Pictures are not part of the copy. Reproduce all the records exactly.

-=-=-=-=-

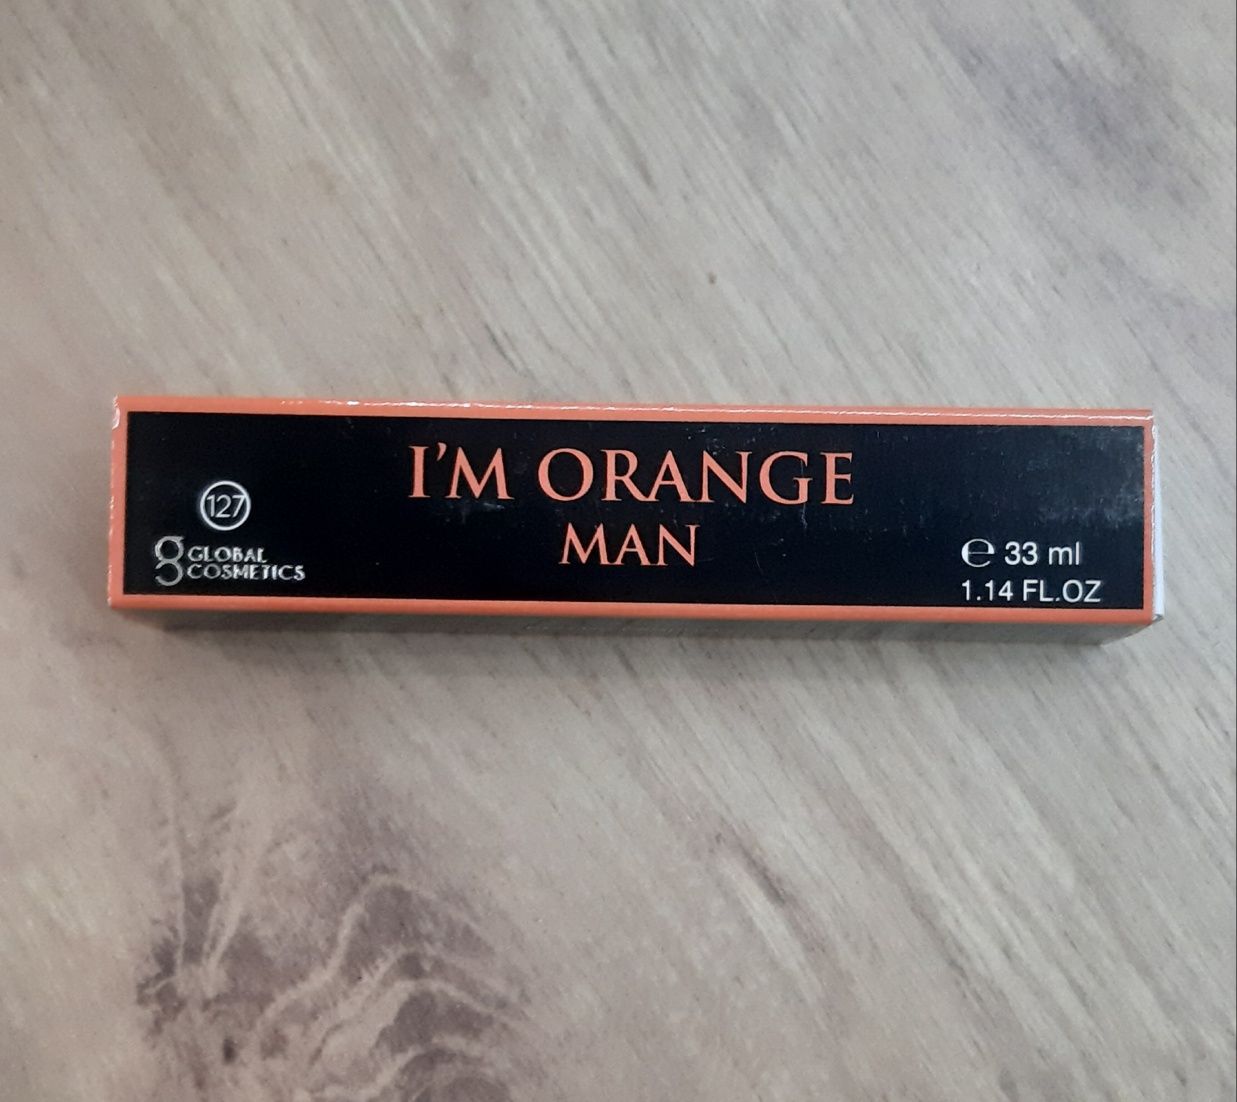 Męskie Perfumy I'm Orange Man (Global Cosmetics)
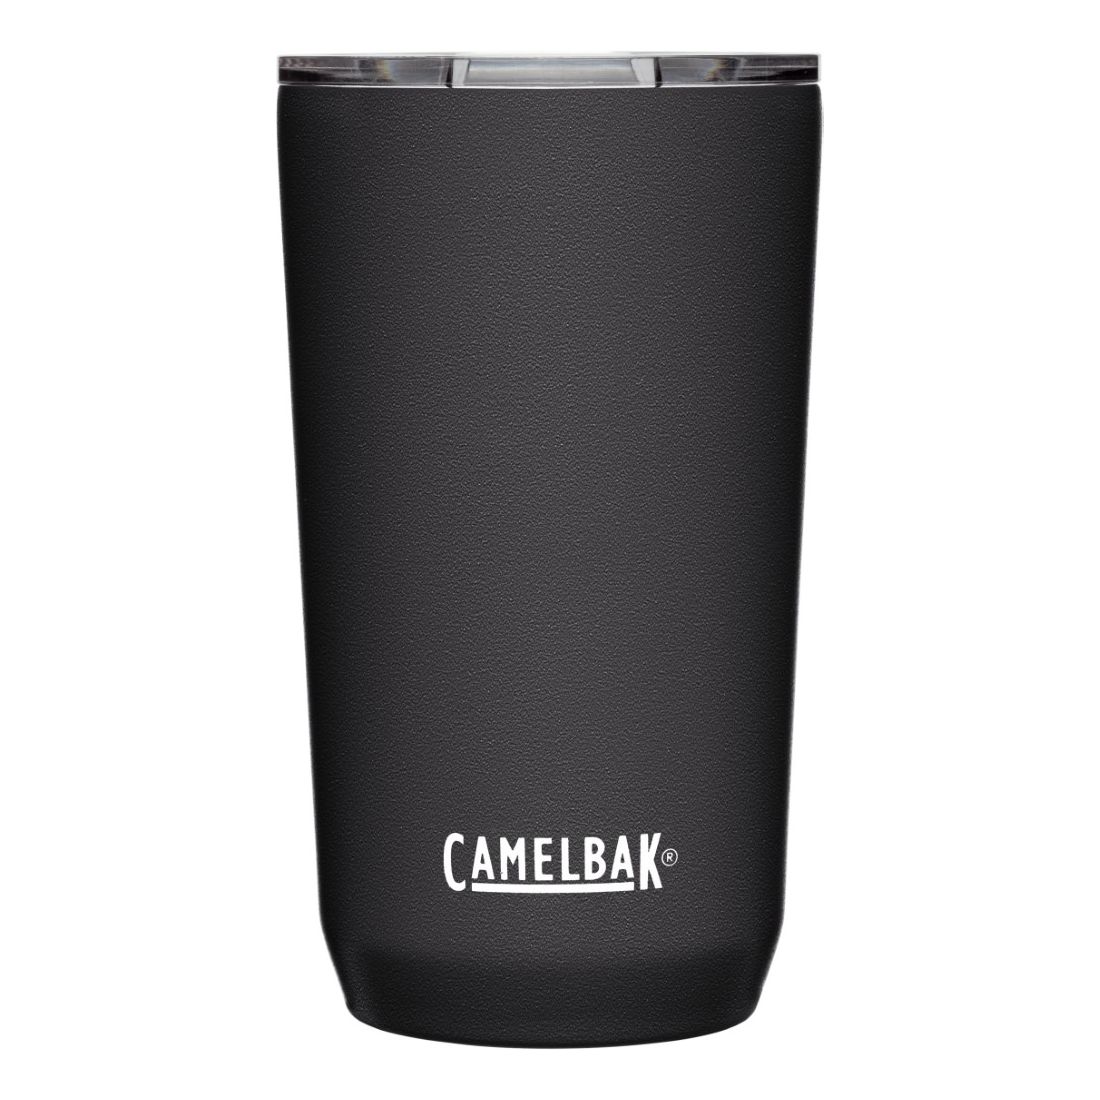 Camelbak Tumbler Stainless Steel Vacuum Insulated 16Oz Black
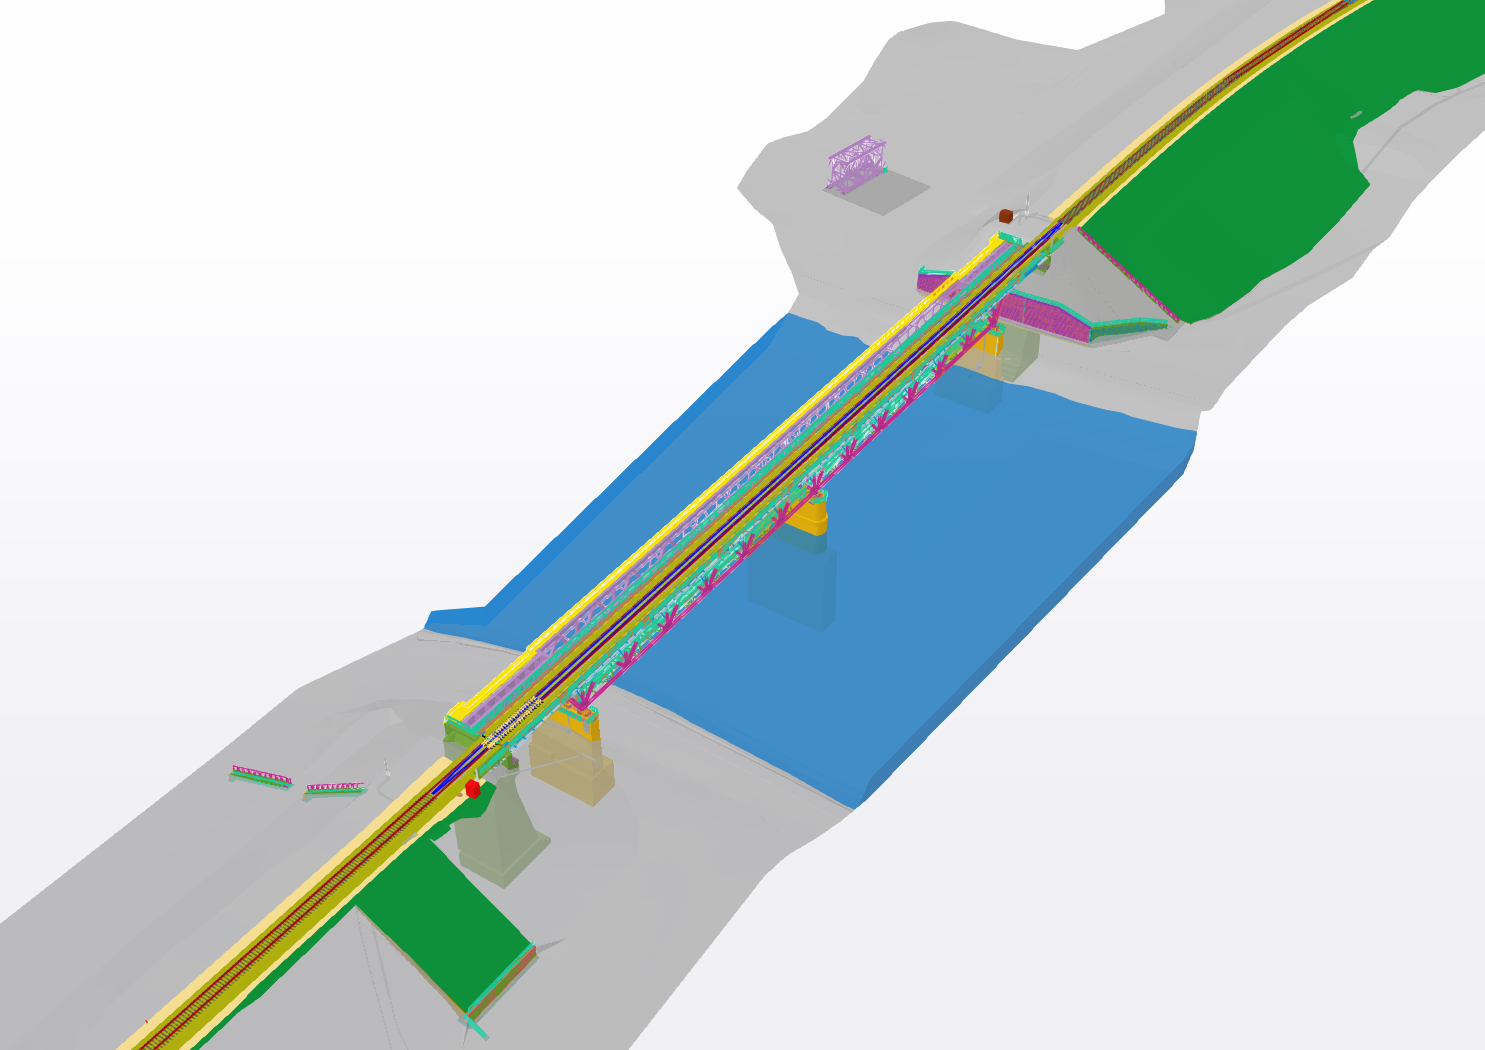 BIM praktikos taikymas Jonavos gelezinkelio tilto rekonstrukcijos projekte 2
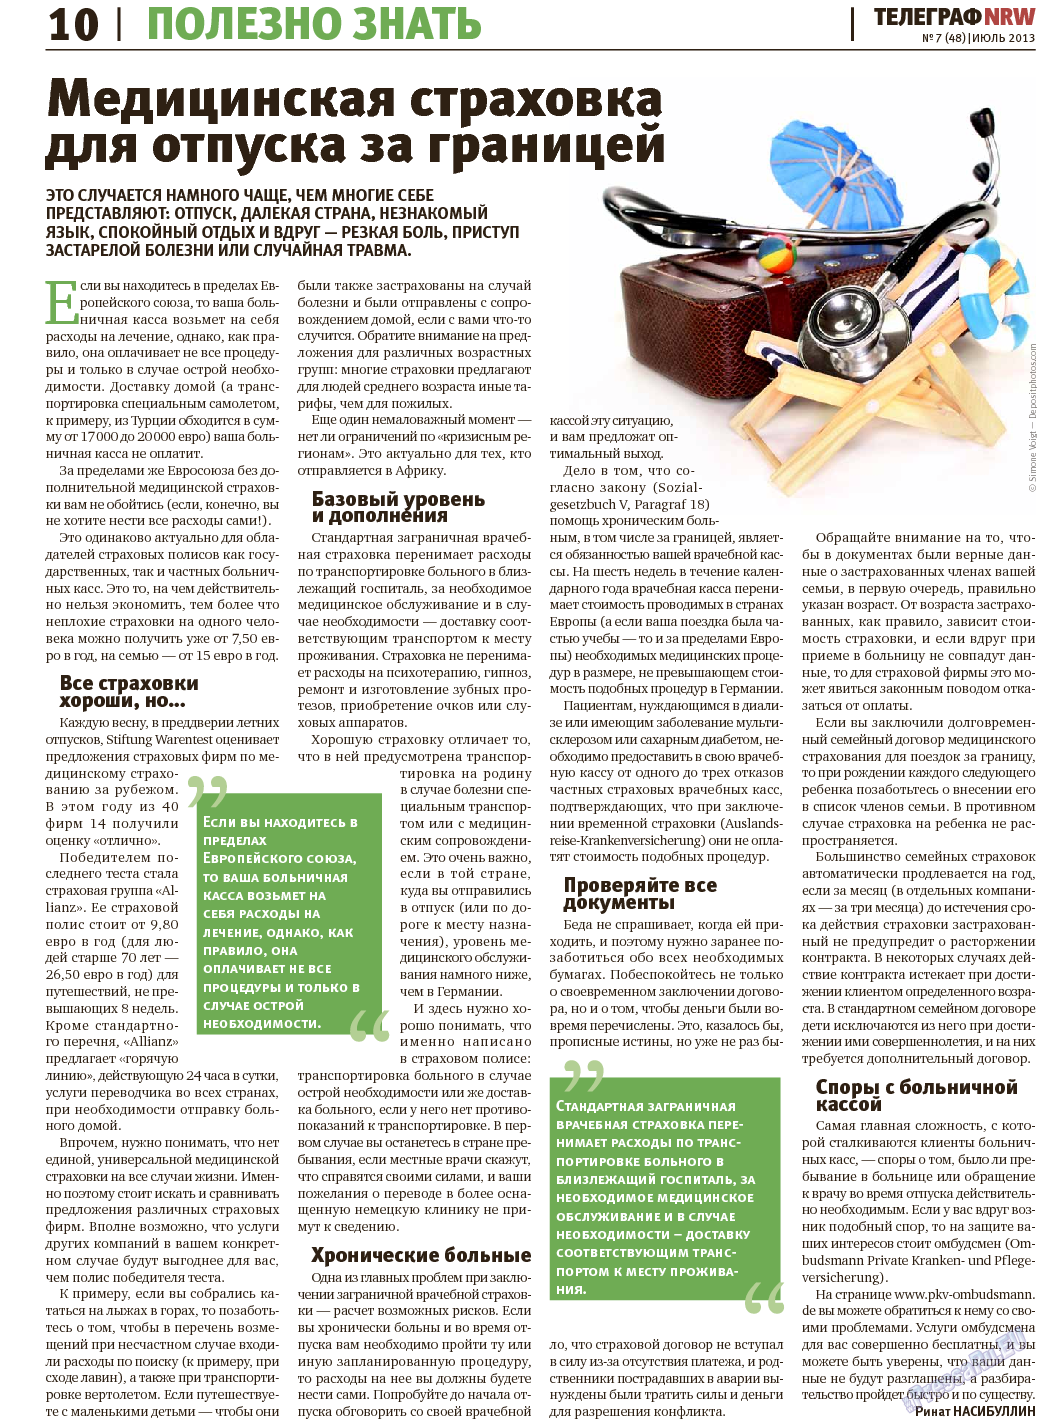 Телеграф NRW, газета. 2013 №7 стр.10
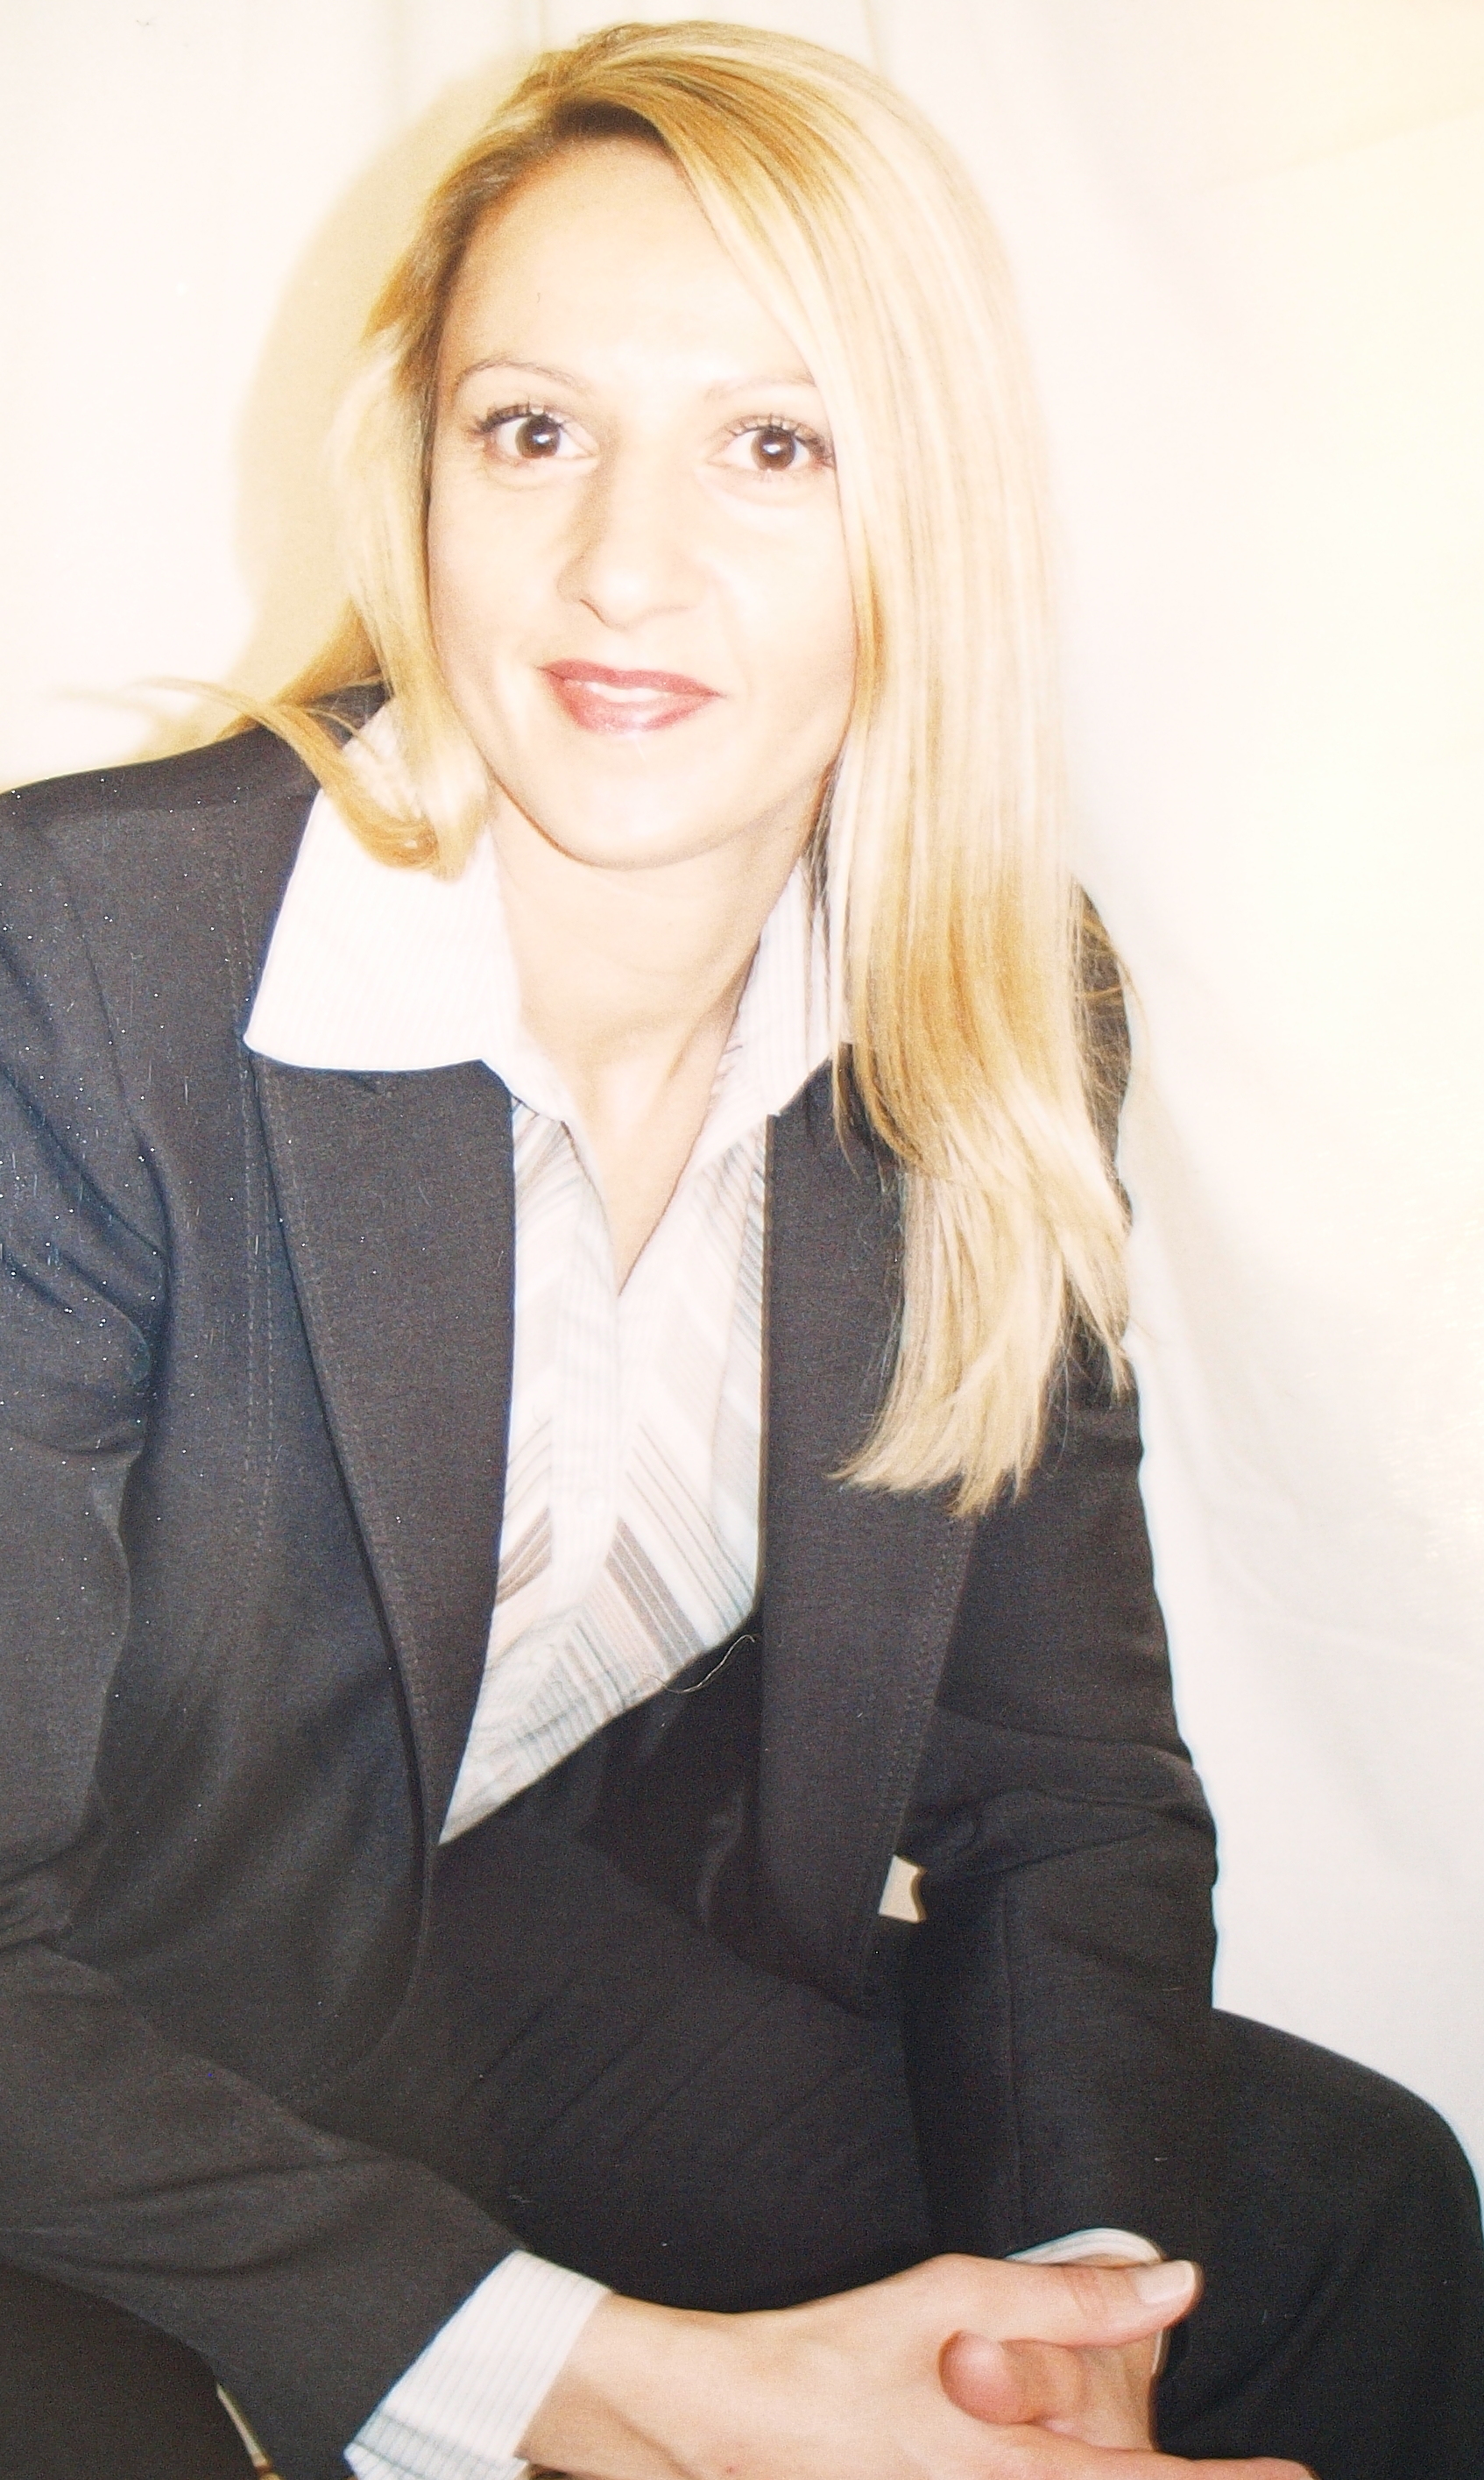 Nikki Bednall (2005) Business Manager

-=-=-=-=-

> [Answer to the exercise]
 Męskie Perfumy I'm Orange Man (Global Cosmetics)
 Camelbak Tumbler Stainless Steel Vacuum Insulated 16Oz Black
 BIM praktikos taikymas Jonavos gelezinkelio tilto rekonstrukcijos projekte 2
 Телеграф NRW, газета. 2013 №7 стр.10
 Nikki Bednall (2005) Business Manager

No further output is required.